I went for my birthing assignment some hours later, now that we were underway, past the ort cloud and up to speed. After I had visited the library and watched one of four floor-shows being performed that evening in the main theater, I strolled to my cabin.

On these crowded trips it's often customary to be assigned your cabin after the ship leaves port so that the crew knows how many actually made the flight and how much over-booking there had been. I was assigned to a suite with only one bed and a 'female' companion. That sometimes happens when ships are overbooked and genders are uneven. I didn't mind. I had no desire to fall in love and my tastes are simple. Plus, I don't mind the occasional character for a few days.

The woman had agreed to the arrangement, not that there was much she could do about it, but I had been issued the mandatory bracelet that kept things on the up and up of decency and proper behavior. Only the ships security force knew the code to release me from its paralyzing effects, if activated.

I pressed my finger to the small ID window, which also sounded a warning to any occupant inside the room that the door was about to be opened. I swiped the security room-card and entered. It was the business woman from the dinning room standing there in the classic S curve pose on one tilted hip with her hair down around her shoulders. She had been wearing a wig?

She looked up as she stood there barefoot, in her panties and hose, her substantial black bra spilling over, putting her suit coat on a hanger. I excused myself and turned away but not before she realized I was someone she'd recently met, and made a double-take glance my way. She made no immediate move to cover herself but simply turned aside, herself, retrieved some clothes from one of her huge suitcases and went to the bathroom, closing the door.
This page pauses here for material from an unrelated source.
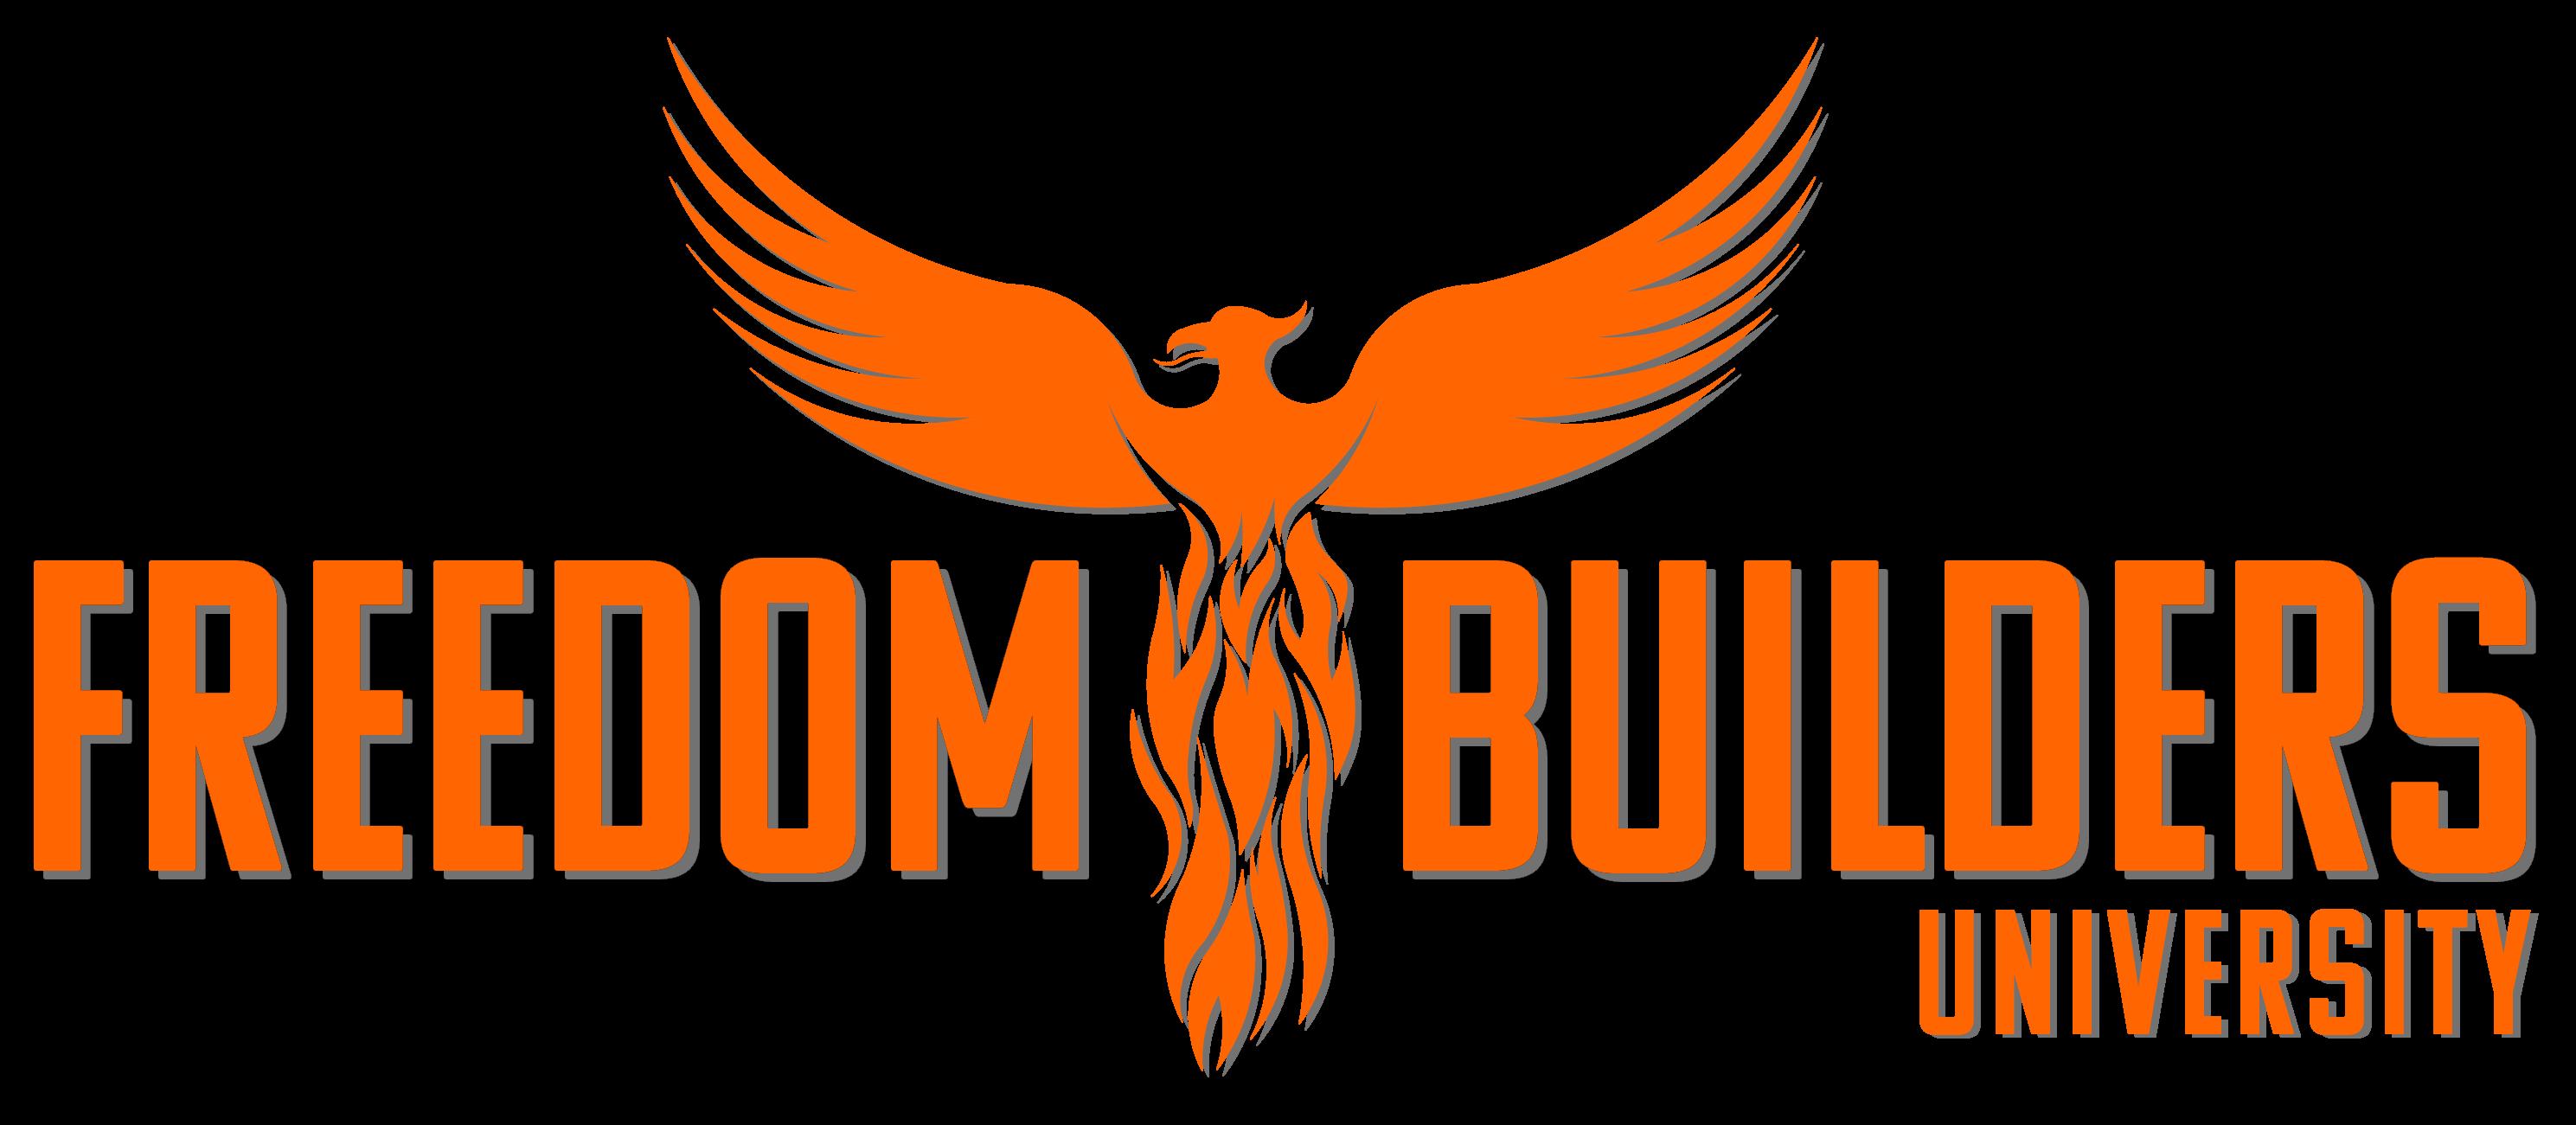 Freedom Builders University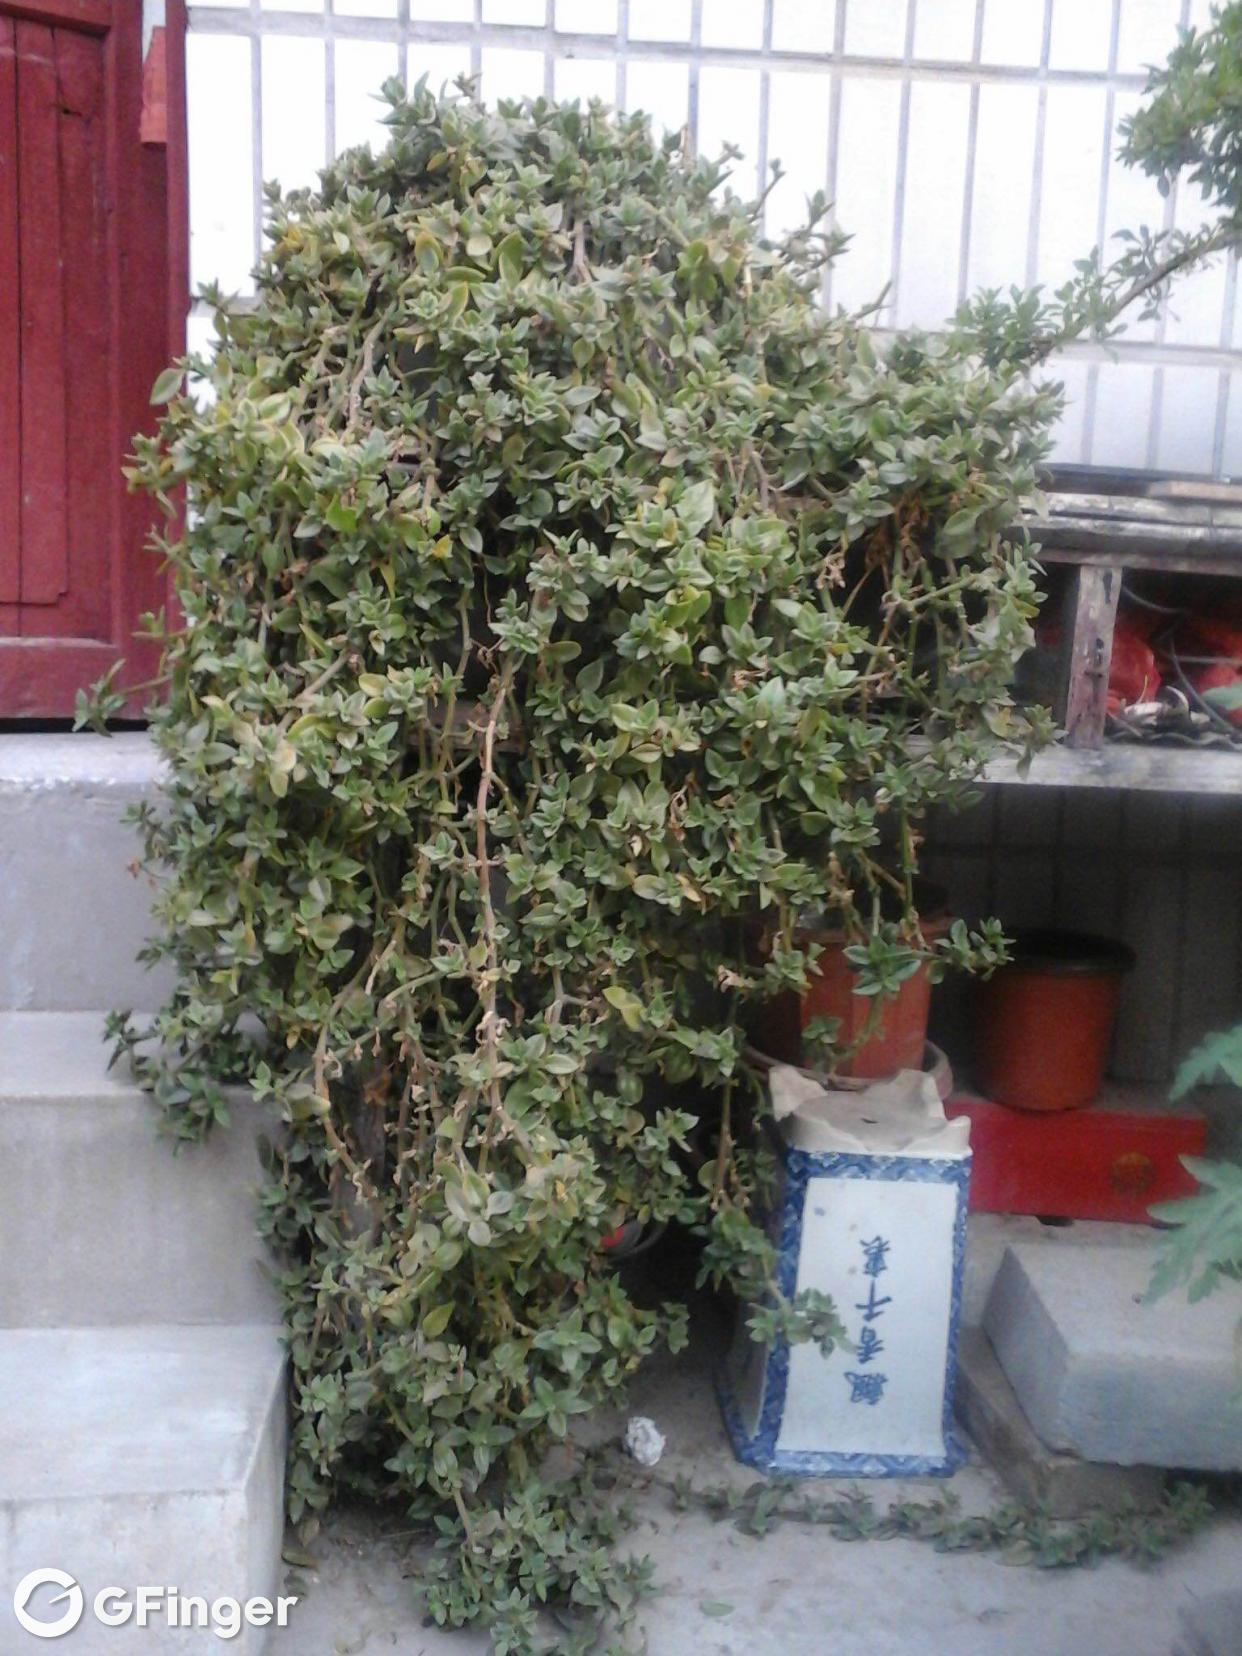 @绿树紫箩   这是最大的那盆花冬季越冬的照片。盆盆大小亲自己感受下哈 。墙上的小瓷砖一块估计也就30-40cm高吧。

My delivered suitcase was smaller than most, barely over the size of an attaché case, though a bit thicker. I opened it as I sat at my desk, laying my library book on the nightstand. I was arranging a few things when the young woman returned to the room wearing her blue and gold striped pajamas and crossed to my location in the room, next to the bed.

"Hello, again," I said, standing and offering her my hand.
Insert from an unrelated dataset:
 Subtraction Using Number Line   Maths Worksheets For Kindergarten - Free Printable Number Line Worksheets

She took it and shook, briefly, but didn't smile or look me in the eye just then, saying, "We better talk about sleeping arrangements."

"I'll take the top of the sheets, you can tuck underneath. It's a double king size so we'll never touch. Is that alright?"
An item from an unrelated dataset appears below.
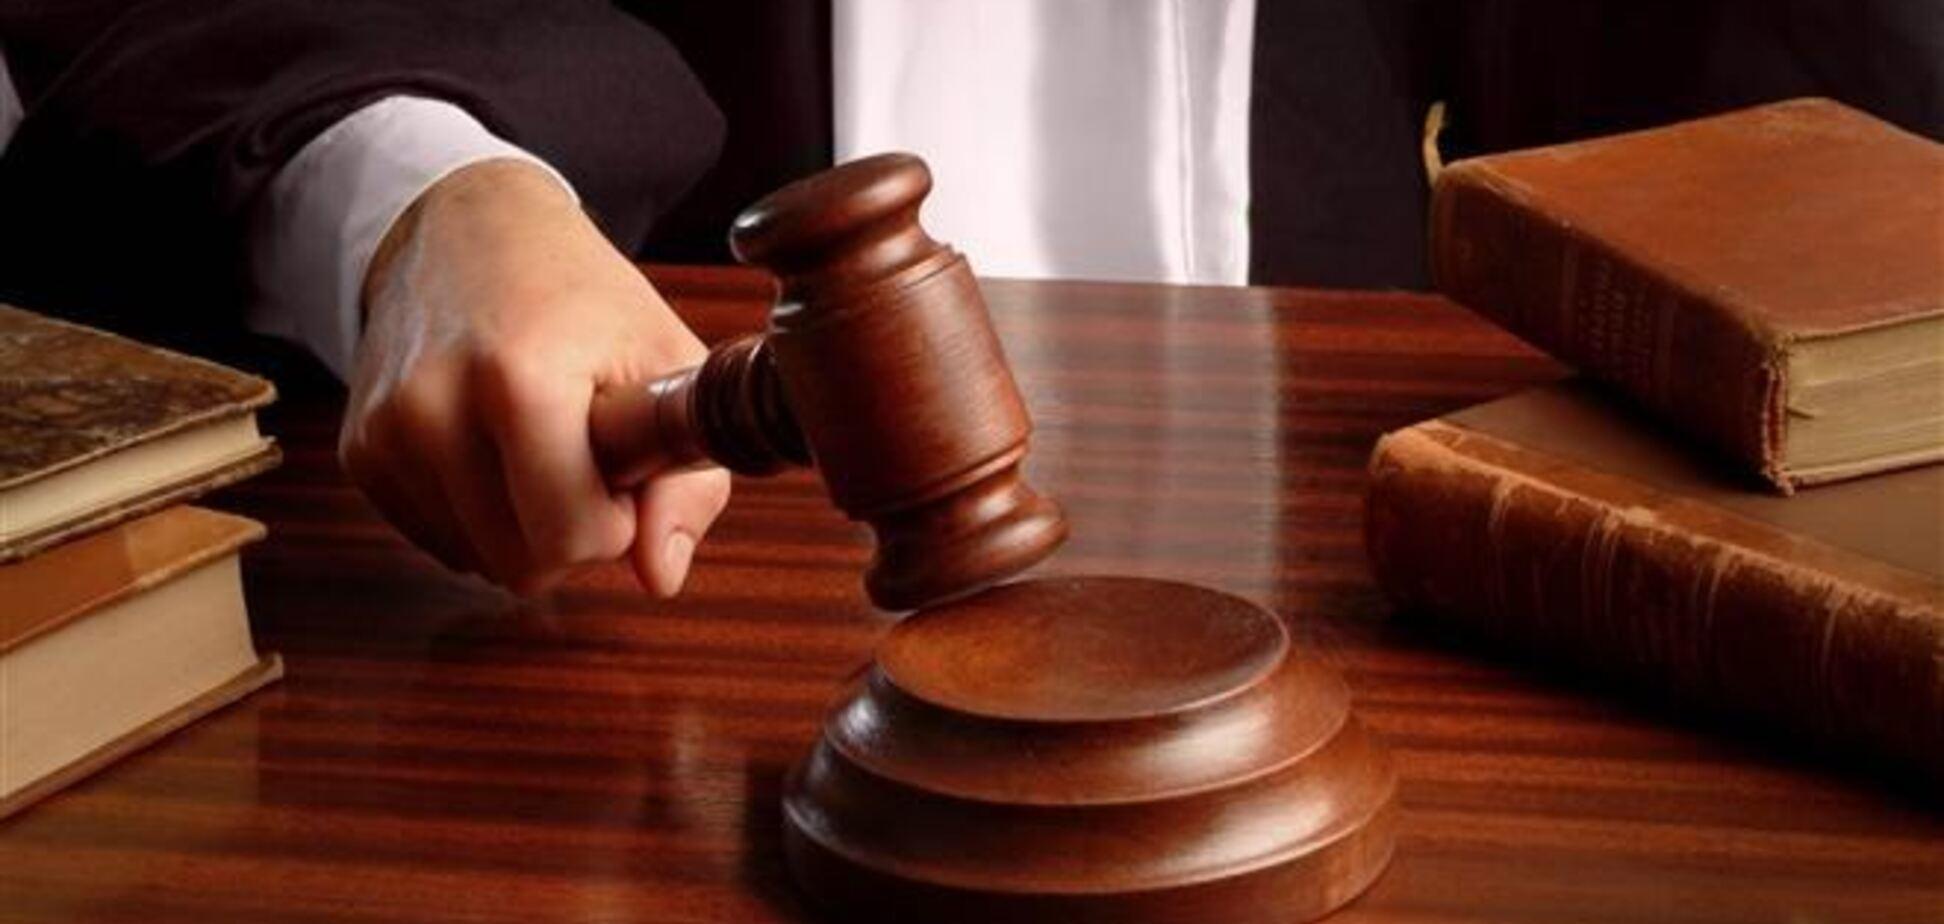 На Луганщине виновник гибели 3 человек в ДТП получил 9 лет

"Yes. Thank you. I was worried about this. It's a bit awkward. I've never had to share a room with a strange man, before," she said, turning away. Suddenly, she spun on her heel and announced, "And--I'm not looking for romance," she blurted out, rather abruptly I thought. I figured she was simply nervous, as she had said.

"Nor am I," I told her, meaning it. "May I know your name, since we are going to be in close quarters for a month?"

"Vivian Fairchild."

"I'm Blair, Blair Buchanan. I'm happy to meet you, Vivian. Please be assured that I won't be bothering you. I've seen how busy you are and I know this trip is about business. I'm a fairly quiet person to be around and I won't be any trouble." I smiled, trying to be reassuring.

She nodded and went back to putting away her things.

Later that evening, I lay beneath the covers, my shoulders and head propped up with pillows reading my book.

"Can you stop that?" Vivian asked, in an irritated tone from her side of the bed.

"What?" I turned, not understanding this sudden irritation on her part.

"You're turning the pages every few seconds. You're not even reading."

"Four thousand words a minute. It doesn't take me long to go through five or six hundred," I explained.

"Four thousand! Really?"

"Yes. I got into it in college. It's been a great help in my career."

"What do you do?"

"Business, like you. I own a small aerospace company. Before that, I worked for Tranco corporation. Ever heard of them?"

"Of course. They're in the top 200 hundred. What did you do there?"

"I worked my way up. I was the CEO for a few years."

Her jaw almost dropped. "You were!"

"Yes."

"I don't believe it."

I laughed and said, "Bring up a new window," her computer was on her lap, "and look up my name. I think I might still be in there under business executives." I told her my two middle names and how to spell my last.